Clinical and immunological data of the study patients (n=2389, mean age 50.5±14.7 years) are summarized in Table 1. Table 1 encompasses 2 patient groups. Patients in group I had immunohistological evidence of myocardial inflammation and were designated “confirmed CMi” (n=1717). Patients in group II included those without evidence of myocardial inflammation and were designated “non‐CMi” (n=672). There were no significant differences between these 2 groups with regard to baseline LVEF (47.4±21.0% versus 48.1±20.3%, P=0.5), age (50.1±14.7 years versus 50.2±14.5 years, P=0.6), or sex. Group I with confirmed CMi was subdivided (group IA and group IB) at a cutoff value of 2.9 cells/mm² for perforin‐positive cardiac cell infiltration according to our previous study,⁶ where this value was statistically calculated as the optimal cutoff point regarding prediction of a high risk for LVEF deterioration. A third group (group IC) had evidence of myocardial inflammation but no perforin (Table 2). There was no significant difference between the 3 groups regarding clinical or hemodynamic data.

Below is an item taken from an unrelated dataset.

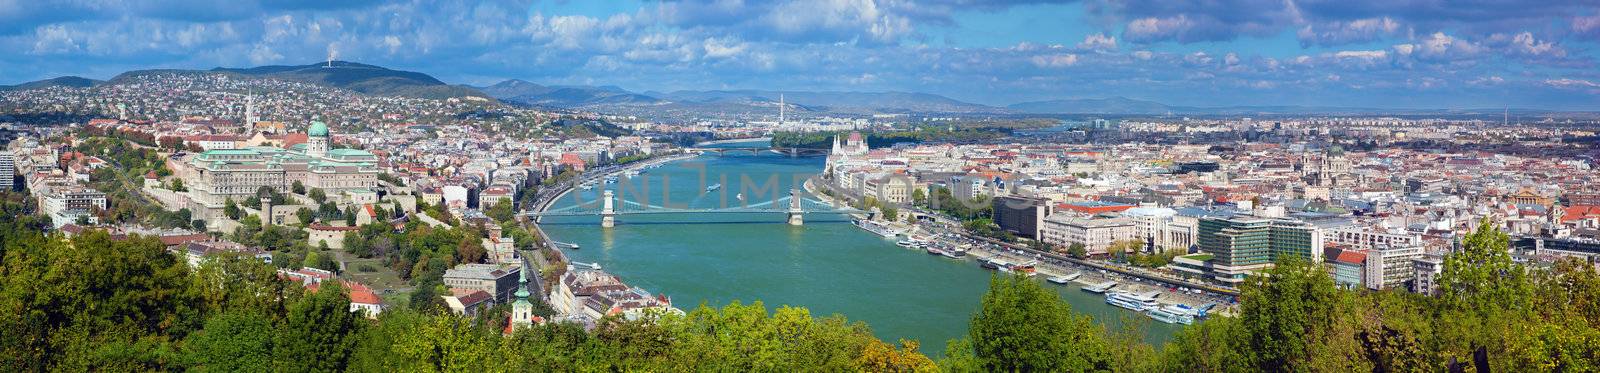 Budapest, Hungary. View from Gellert Hill by photocreo

Multivariate statistical analysis (Table 3) of all examined clinical and immunological parameters was conducted for the entire CMi cohort of 1717 patients to identify predictors of all‐cause mortality or need for heart transplantation. Multiple Cox regression analysis revealed (besides LVEF and age) that perforin was a strong predictor of impaired survival, with a hazard ratio of 1.881 (95% CI, 1.177–3.008; P=0.008) (Table 3). Figure 1A shows 4 survival curves: first patients with CMi with perforin above 2.9 cells/mm², second CMi patients with perforin below 2.9 cells/mm², third patients with CMi without perforin, and fourth patients with non‐CMi.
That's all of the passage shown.